# Nach "Willkommen" ist Schluss bei XP



## ragazzo (22. Januar 2004)

Ich hatte ein Problem mit dem Outlook Express (vermutlich ein Virus) und dann habe ich die Reparatur (mit der CD von Win XP) laufen lassen, nun erscheint nach dem Neustart noch dieses "Willkommen ..." und dann geht´s nicht mehr weiter. Macht keinen Rührer mehr der PC hängt sich an der Stelle auf (obwohl die Maus und der Curser noch funktionieren!). 

Hat da jemand einen Tipp?


----------



## dfd1 (22. Januar 2004)

Kommst du noch in den abgesicherten Modus?


----------



## ragazzo (22. Januar 2004)

Das hab ich noch nicht probiert. Wann und wo geht das?


----------



## Erpel (22. Januar 2004)

Während des Startvorgangs von Windows musst du an einer Stelle F8 drücken.


----------



## dfd1 (22. Januar 2004)

Bevor das Bild mit dem Balken kommt, und falls du es siehst, wärend ein weisser Balken über den Bildschirm rast.


----------



## aNero (23. Januar 2004)

Ich hab ein ähnliches problem... wollte gerade n neues Thread öffnen und hab doch noch das hier gefunden...
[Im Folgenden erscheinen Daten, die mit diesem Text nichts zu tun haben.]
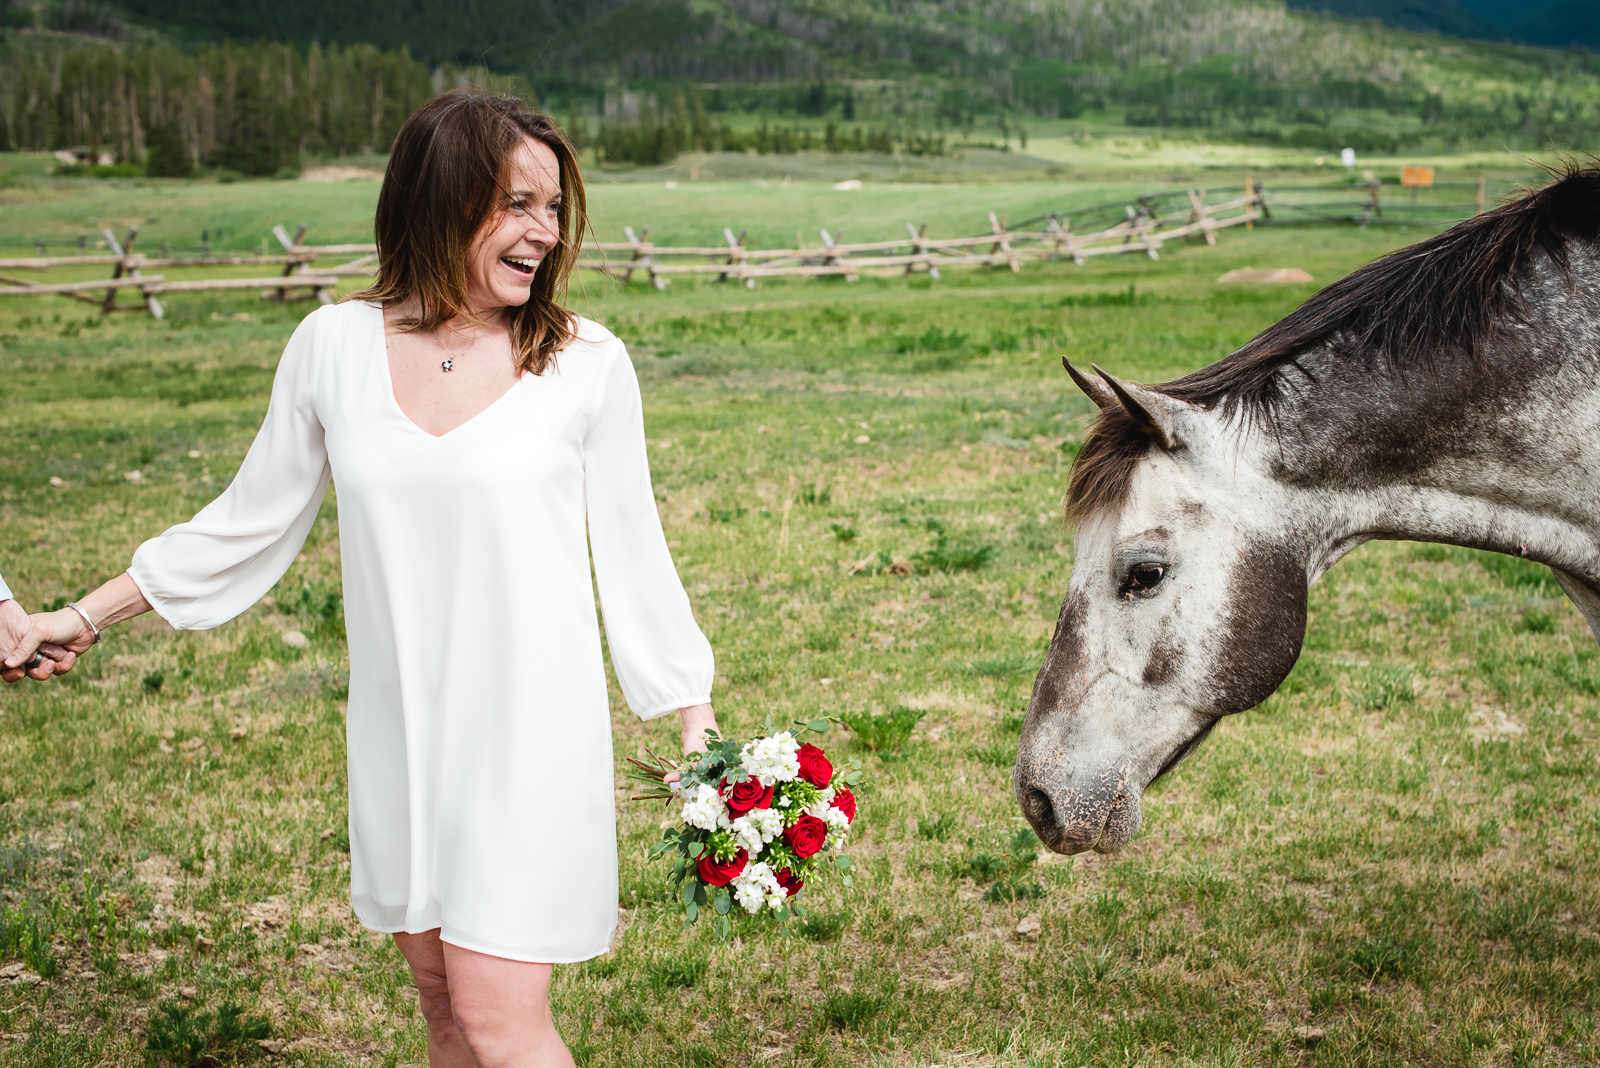 An Exceptional Devil's Thumb Wedding | Wedding Photo | Devil's Thumb Ranch| From the Hip Photo

also bei mir kommt direckt immer die auswahl für normal start, abgesicherter modus ect. 
egal was ich dort anwähle kommt sovort ein blauer bildschirm indem steht das ein problem entstanden ist und windos beendet wurde um nicht beschädigt zu werden... und dan ein hinweis das neue hardware und software dafür verantwortlich sein könnte... 
ich habe erst gestern Gothic2: Die nacht der Raben installiert... vieleicht liegt es daran... bitte helft mir ich bin pleite und dan noch die reperatur -__-

THX im voraus


----------



## janomerico (3. Oktober 2004)

Hallo,

Ein Freund von mir hat das selbe Problem wie du, aNero! Er kann nicht mal in den abgesicherten Modus! Also falls du oder sonst jemand in den 10 Monaten eine Lösung gefunden hat, wäre es nett, wenn du er sie hier posten könnte!


----------



## Giftzwerg (3. Oktober 2004)

schonmal memtest laufen lassen ob der RAM OK is? nicht dass der sich verabschiedet hat.
Der memtest ist bei jeder LinuxCD dabei oder man kann sich den kostenlos im Netz runterladen (passt auf eine Diskette). Bei XP würde das wunderbar passen dasses abstürzt wenn es auf defekte Speicherzellen beim booten zugreift

edit: schonmal versucht die "letzte als funktionierend bekannte Konfiguration" zu booten?


----------



## xCondoRx (3. Oktober 2004)

Giftzwerg hat gesagt.:
			
		

> edit: schonmal versucht die "letzte als funktionierend bekannte Konfiguration" zu booten?



so wie ich das verstanden habe, kommt, egal bei welcher option, der bluescreen..
da kommt man wohl nur noch mit der reparaturkonsole ran..


----------



## janomerico (4. Oktober 2004)

Richtig, Condor.. Reperaturkonsole? Was ist das?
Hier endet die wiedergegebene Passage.